Monday, 28 June 2010

6 week sprints? You’re not doing SCRUM!

I come across this quite a lot, if you’re doing more than 30 day sprints, you’re doing scrum all wrong. Whilst I agree with the sentiment of this, there are some projects where a longer sprint cycle can be beneficial – it all depends on your team structure and the work being delivered.

To set the background, for my current project, my dev team consists of;

  • 1 x architect (me)
  • 1 x onshore architect / team lead
  • 2 x onshore developers
  • 2 x offshore developers
  • 1 x sharepoint architect

We’re implementing a reasonably large custom built system for our client and each piece of work is reasonably lengthy, with each epic consisting of complex UI along with substantial work to implement a workflow spine process, which would then be supported by several common sub-processes (with complimentary UIs).

Obviously we break out the sub-processes into their own backlog items, and then break the epics down into use-cases (formal stories) that could be implemented in each iteration, but we found that with 2-4 week iterations, it wasn’t possible to cut it any other way than to deliver demonstrable product every other iteration. Literally at the end of iteration A, we would be in an unfinished, unusable state, whilst half way through iteration B, we would finish that piece of work and start the next.

The reason for this is we would implement 2 or 3 of the main use cases per iteration, essentially having multiple concurrent work streams. Wrong? not in this case.

Many would argue that this was the wrong way to go about it, that we should have concentrated the entire effort in the sprint to one use case in order to complete it within the 4 week sprint, but I argue differently. Each use case is quite narrowly focussed, making it difficult for more than 2 people to work on the same use case at the same time. As such, Brookes Law applies. Too many chef’s spoil the broth – we’d have developers standing on each others toes left and right, so can’t add more resource to the use case implementation and the implementation of that one piece of work is too substantial to be delivered in a a 2-4 week iteration.

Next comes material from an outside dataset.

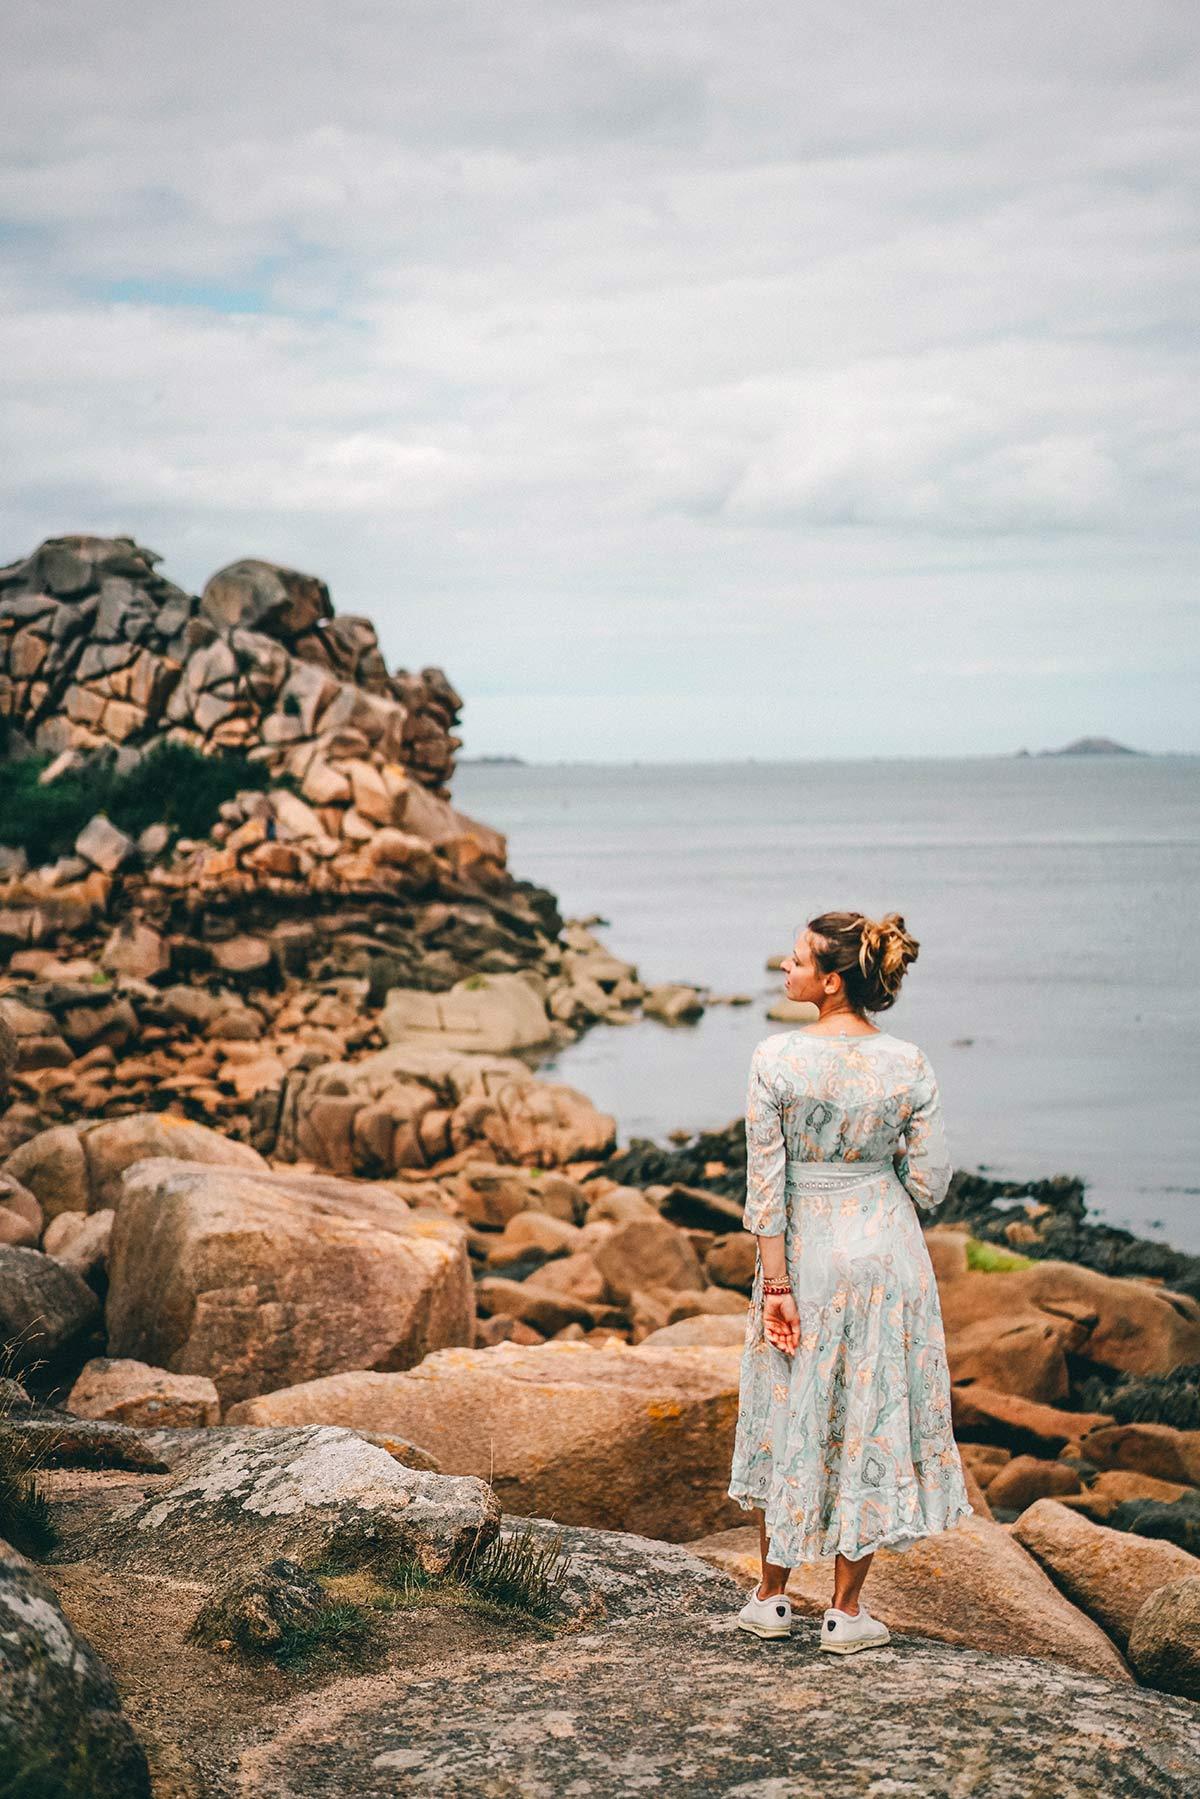 Die Rosa Granitküste in der Bretagne

So, we broke the project down into 6 week sprints. More regimented scrum masters would argue that we aren’t doing scrum as a result of this decision, but I argue that such a comment is ridiculous. We’re still adhering to the very principles of scrum – we’re working from a backlog, we plan sprints into a sprint backlog, we deliver burn downs, we hold daily scrum meetings, we have a scrum master, a product owner, cross functional teams, regular demo’s to the business, and retrospectives – the only discernable difference is another 2 weeks on the sprint length to pragmatically cope with implementation of complex, atomic, use cases.

We’ve been running this way for 12 months now, and the results have been great. Open, honest, transparency between the project team and the business, and just as importantly, we delivered a month early. We’ve now rolled into another 6-8 months worth of work on the project and will be continuing to use this methodology.